With the Paycheck Protection Program, we assumed all restaurant employees would be able to continue being paid, regardless of where they worked, and that the funds would be enough for everyone. This was a wrong assumption.

Today, we made the decision to return our PPP loan. This was a difficult decision because our employees are extremely important to us, but it’s impossible to ignore the fact that our finances allow us to weather financial hardship for a longer period than independent restaurant owners. We hope that these funds will be shared equitably among deserving candidates.

The PPP was initially intended to help small businesses with fewer than 500 employees pay employees during the coronavirus pandemic, keeping workers on the payroll and off of unemployment. However, the bill allowed businesses with fewer than 500 workers per location to qualify, which meant that large chains like Shake Shack, which potentially have thousands of employees, could secure PPP funds. As long as 75 percent of the loan is used for payroll expenses, the government-backed loans will be forgiven.

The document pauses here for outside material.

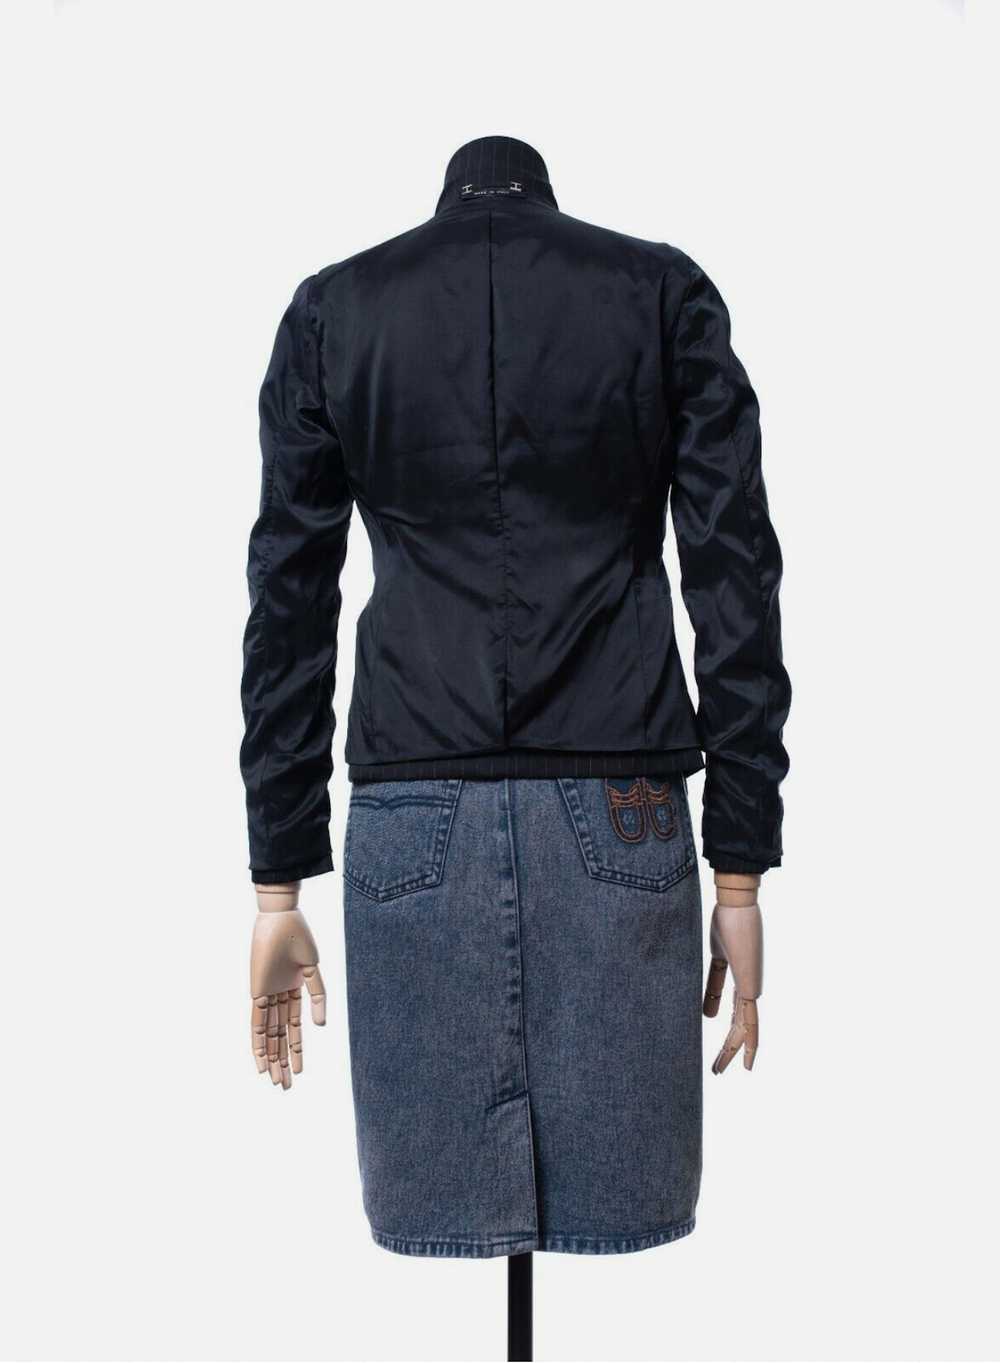 Gucci GUCCI Blazer Coat Jacket Lana Wool Striped … - image 6

Ruth’s Chris Steakhouse, Potbelly, and other sizeable restaurant chains have not returned funds. Ruth’s Chris Steakhouse in particular, which was able to get twice the maximum of $10 million through the use of two subsidiaries, is being petitioned to refund federal loan funds so that the money could go to “true small businesses.”

Congress passed another aid bill this afternoon with $310 billion to replenish the Paycheck Protection Program; $30 billion was specifically set aside for community-based lenders, with another $30 billion for mid-sized banks and credit unions, which should increase the number of small businesses who can quality for the federal loans.